Stored data
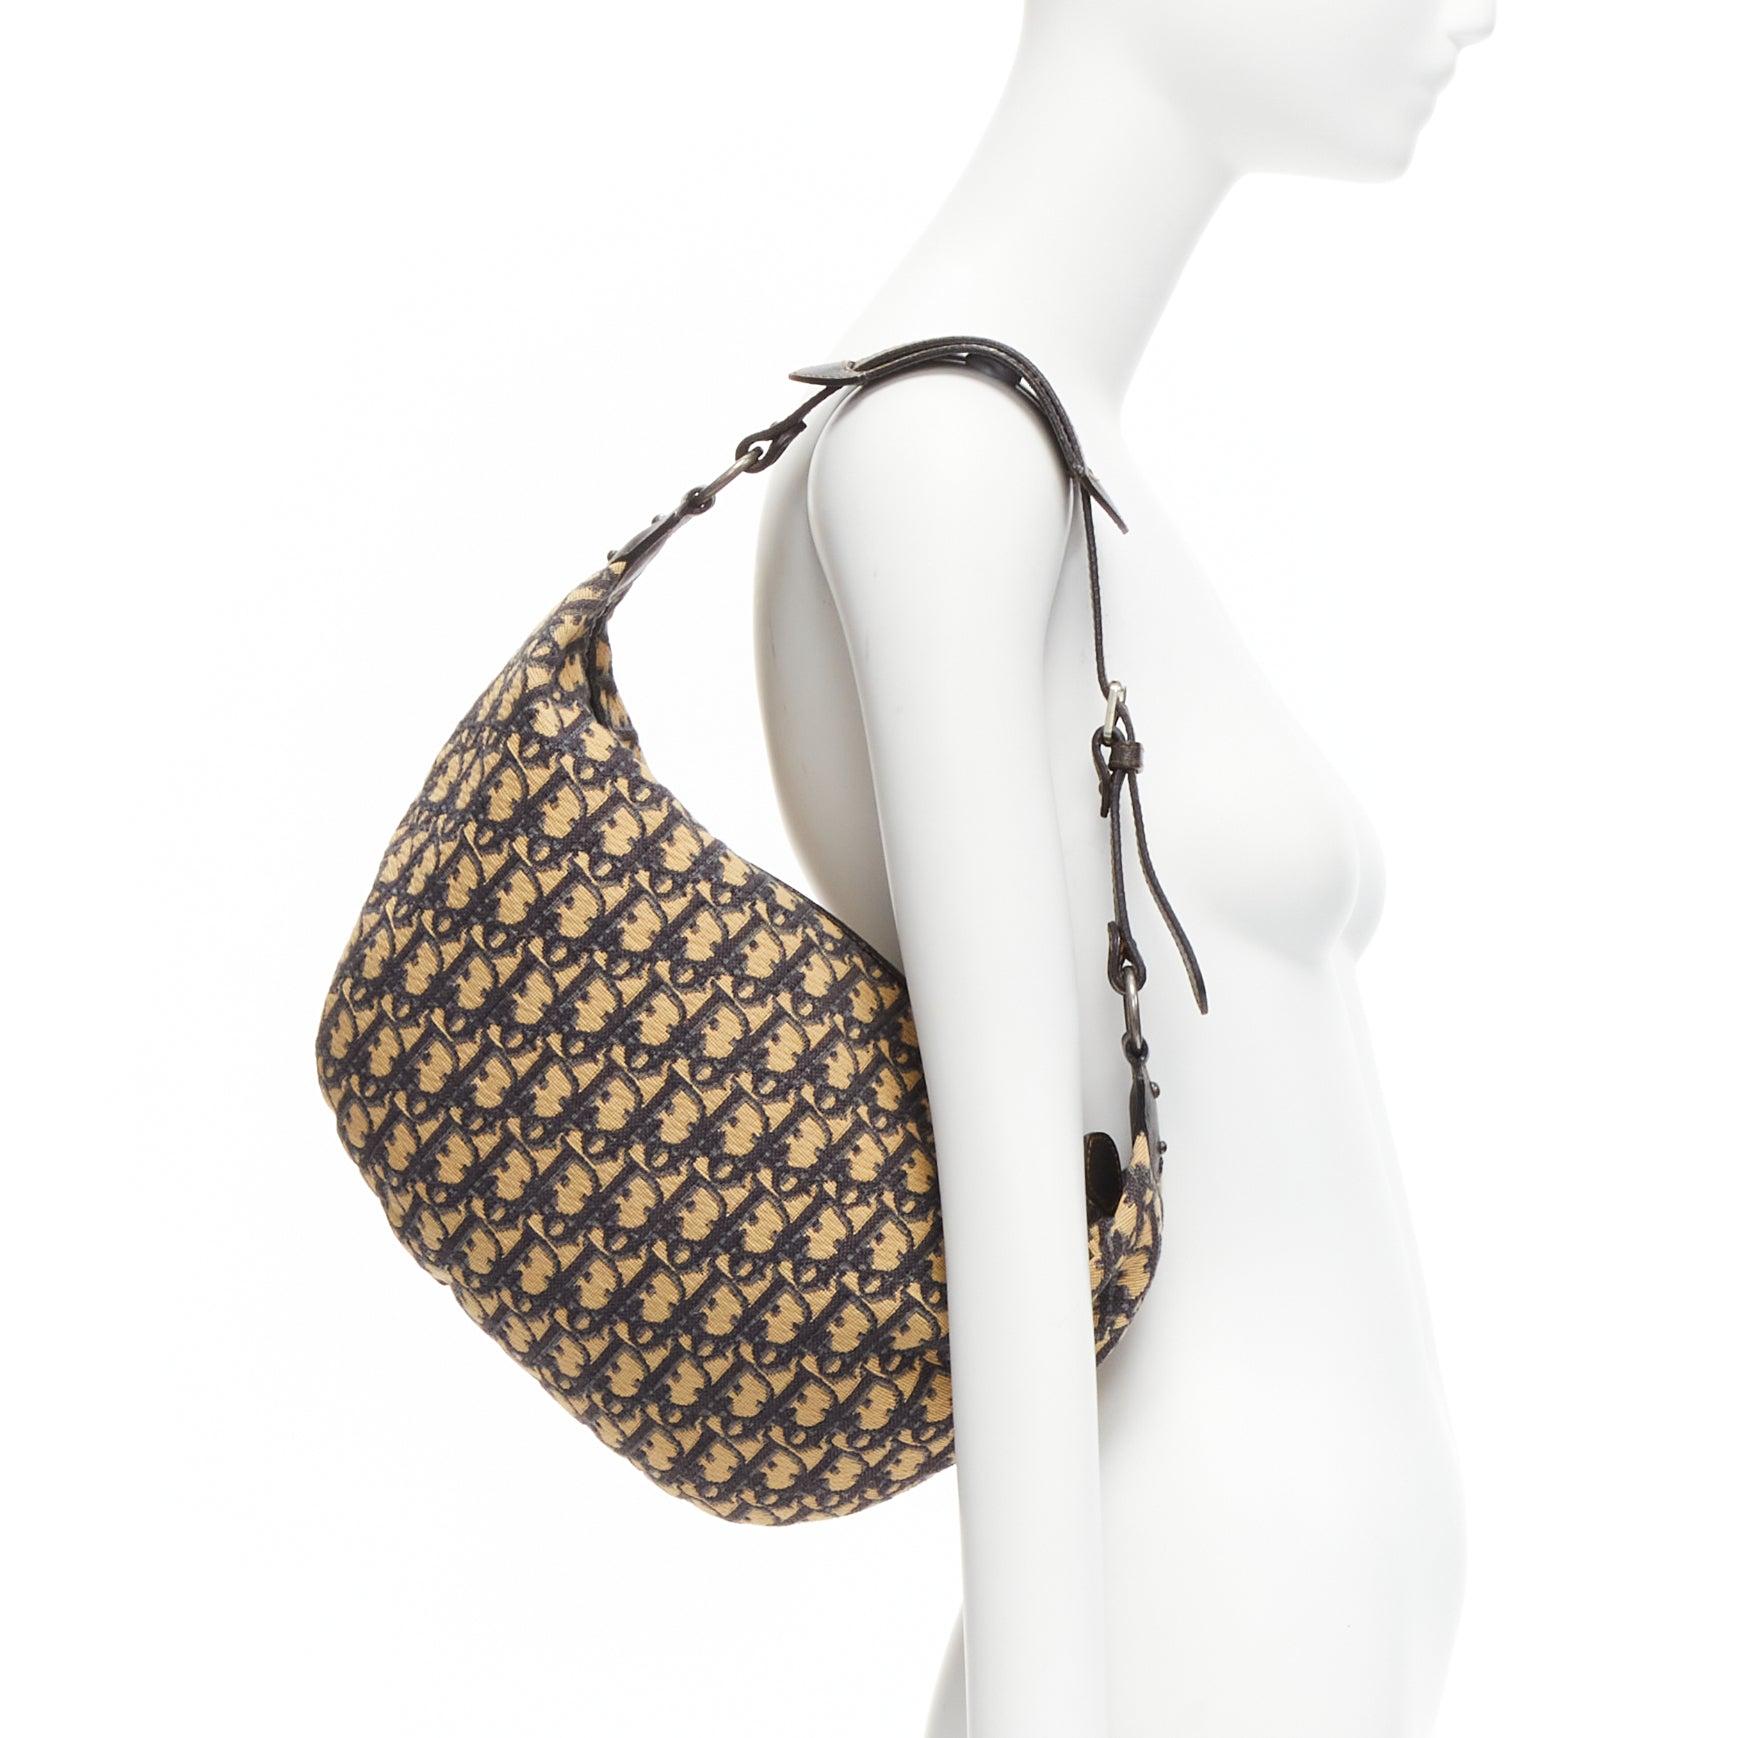 CHRISTIAN DIOR 2006 Vintage Trotter Monogram hobo bag medium
Reference: TGAS/D00702
Brand: Christian Dior
Collection: 2006
Material: Fabric, Leather
Color: Beige, Black
Pattern: Monogram
Closure: Zip
Lining: Navy Fabric
Extra Details: Monogram

:: Exercise directions ::
What is needed is an exact copy of every entry, with the pictures removed.

:: Solved exercise ::
 CHRISTIAN DIOR 2006 Vintage Trotter Monogram hobo bag medium
Reference: TGAS/D00702
Brand: Christian Dior
Collection: 2006
Material: Fabric, Leather
Color: Beige, Black
Pattern: Monogram
Closure: Zip
Lining: Navy Fabric
Extra Details: Monogram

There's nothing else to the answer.